Accordingly, his Honour was satisfied with breach of duty. As to causation, there were two arguments. The first being a denial of the injury happening (namely earlier) and if it did happen, it did not happen in the way described, in particular, the onset of the prolapsed disc and sciatica. For the reasons explained, McMeekin J was satisfied the injury did happen. As to the onset of the prolapse and sciatica, his Honour was satisfied that it was within a relatively short period of time from the incident and there was no other intervening event. Ultimately, his Honour took the view that medical evidence could take the evidence so far and that the connection between the injury and the known or assumed facts was a questioned to be satisfied on the balance of probabilities by the Court: EMI (Australia) Ltd v Bes [1970] 2 NSWR 238.


General Damages

His Honour accepted that there was something amiss with the plaintiff’s back on 3 July 2010. As to how it was to be accounted for fell to be determined by reference to the divide in authorities of Watts v Rake and Purkess v Crittenden and Malec v JC Hutton Pty Ltd. His Honour was not satisfied that the defendants overcame the evidentiary onus that but for the incident on 5 July 2010, the plaintiff’s back would have inevitably ended up in the same position. His Honour was satisfied with the evidence of Dr Campbell that the prior incident was minor. Dr Campbell assessed 10% impairment and of which 9% was attributable to the incident.
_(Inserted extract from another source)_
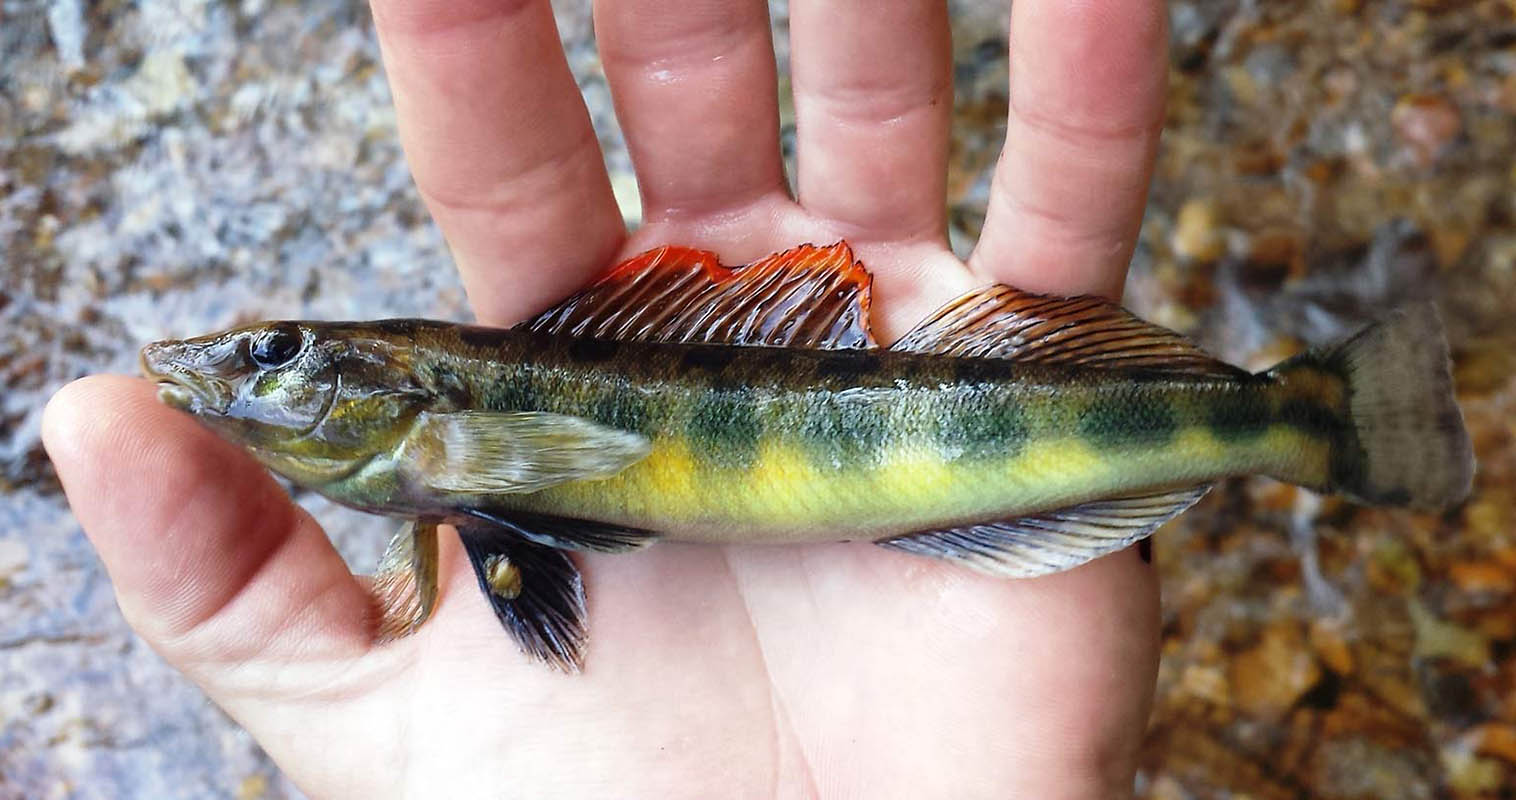 TVA announces New Fish Species found in Duck River - Clarksville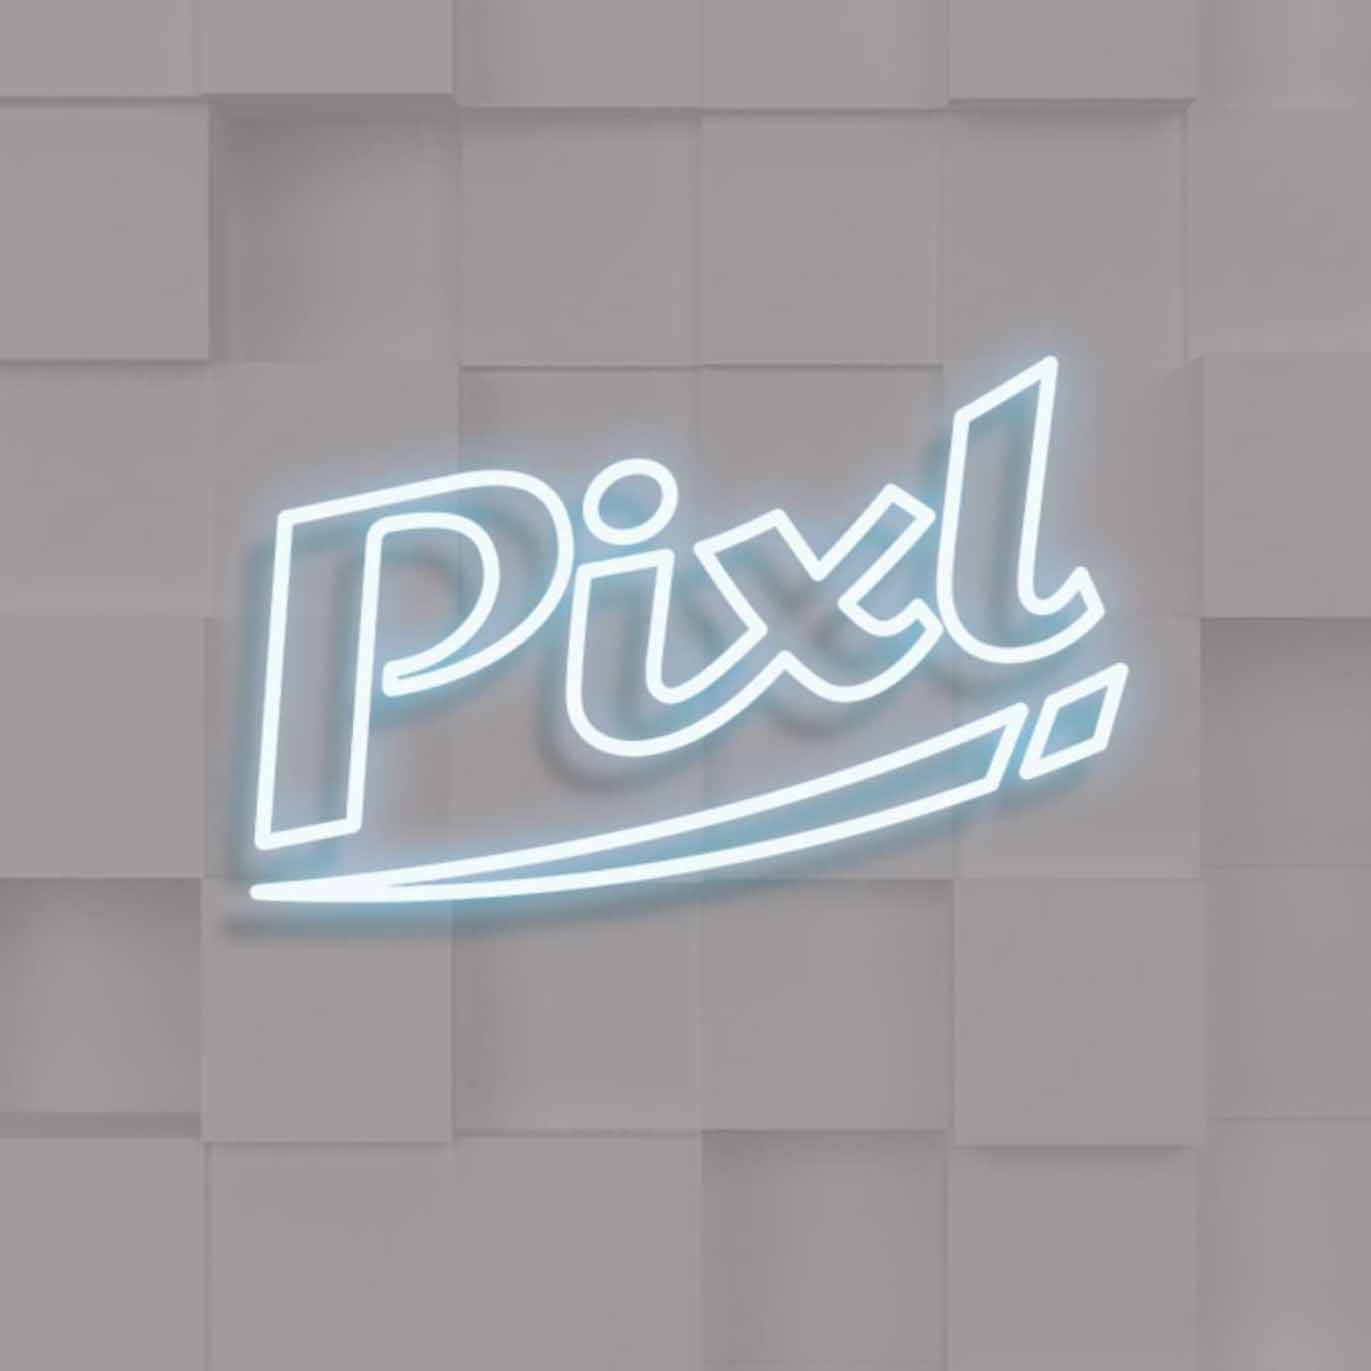 Pixl logo neon sign on wall

McMeekin J allowed $80,000 by reference to the decision Paskins v Hail Creek Coal Pty Ltd & Anor [2017] QSC 190, and the plaintiff being younger.

Loss of earning capacity

The plaintiff was earning $875 nett per week and McMeekin J allowed $250,000 for past loss and interest at 5%.

As to the future, it was accepted that the plaintiff would be limited to labouring work, but that he would need to seek lighter work because of his shoulder and other complaints. The plaintiff contended for $1,000 per week for two years and then $400 per week for 40 years. His Honour allowed $320,000 – roughly $400 per week discounted by contingencies.

Past and Future Care

The plaintiff contended he received support from his housemates and Dr Campbell supported that there was limited assistance required. His Honour noted that the evidence was vague, but nevertheless allowed 1.5 hours per week for the past ($32,000), and care over 60 years of $55,660 and interest at 5%.

Specials – $40,000

Superannuation – 9.25% for the past and 11.33% for the future.

Fox v Wood – $4,940

Damages were assessed on the common law basis and the defendants did not require apportionment, hence damages were awarded at $964,254.11.